I found a previous thread where particulars on indoor cages are discussed. Included in the thread is a post and link from member Turkey (Julie) which talks about the cages she built and the link in her post takes you to pictures of it. Should help give you some ideas if you decide to upgrade your pigeons current housing. Just click on the link:
http://www.pigeons.biz/forums/showthread.php?t=3355

Good luck,
Linda


----------



## KIPPY (Dec 18, 2003)

These look nice inside the house. They have 2 sizes the bigger one does not have the gap at the bottom.

http://www.petsmart.com/global/prod...<>ast_id=2534374302023695&bmUID=1105759990933


----------



## Lolita's Mom (Jan 1, 2005)

*Pij cage*

Thanks for the links on the cages. They were great. I learned a lot from looking at them.

Lolita, my rescued pij, houses in my small bathroom. It is a hassel for me to paper everything. The one good thing about it is she uses the basin to 
roost at night and I just wash it out in the morning. 

I have a medium sized dog crate and I am trying to think of some way to elevate it and some way to be able to clean the bottom. It is collapsible,
and will be great to take outside in the summer, when I can be out with her.
Right now I am at a loss as to how to utilize it. I hate to spend the time or money building one of those wonderful homes with the hardware cloth, since Lolita is put away just at night or if I have to leave. On the other hand, I hate to spend my time on this crate if it can't be utilized.
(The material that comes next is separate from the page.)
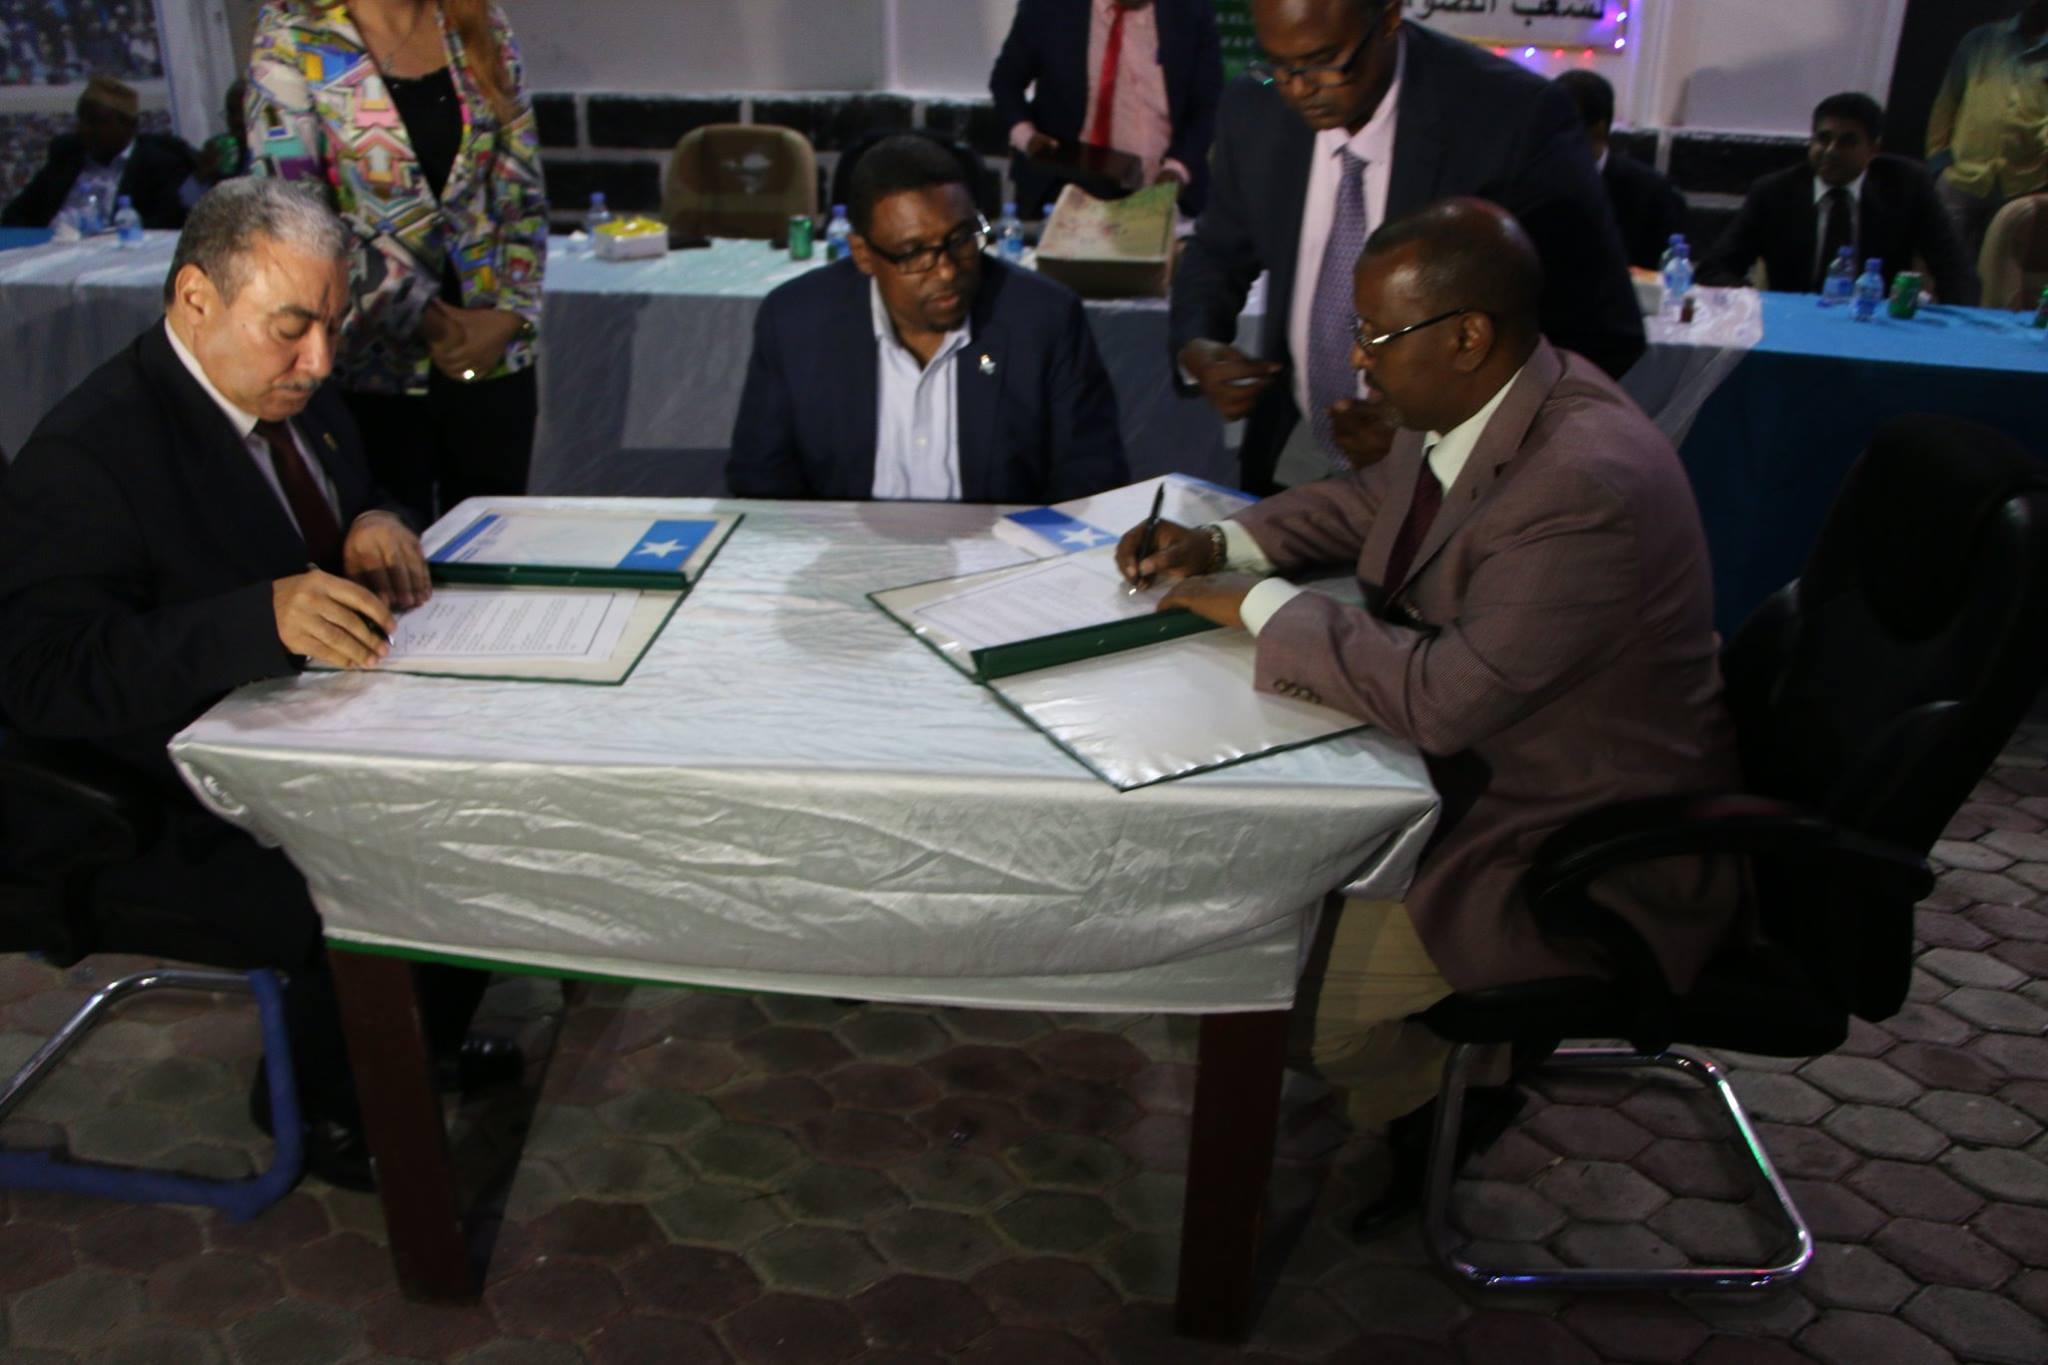 somalia chamber of commerce Egyption Chamber of Commerce sign MOU with Somali Chamber of Commerce

The crate needs work. I picked it up from someone's trash. It needs to be straightened, scoured, sanded and probably painted. What about paint poisoning?

The crate is 19"x21"x38". She could do that pretend fly thing she does and not hurt her wings, if she turned lengthwise to do it. I could attach a small shelf and put her basket on it and the framed long narrow floor mirror on the side wall. The bottom is wire, so I would have to put down lineoleum or something like that (I have some left overs) with newspaper over it. I would have to change it every morning but that is not as bad as the whole bathroom.

Any suggestions? Does this sound feasible? 

I hope someone can tell me if I am on the right track here. I think a stand would be nice and I could paint it to look like decorated furniture. Actually, instead of a standing frame for it, I would like to mount it somehow to the wall and save the floor space.

Any help would be appreciated.
http://community.webshots.com/user/gkoehler

Lolita's Mom


----------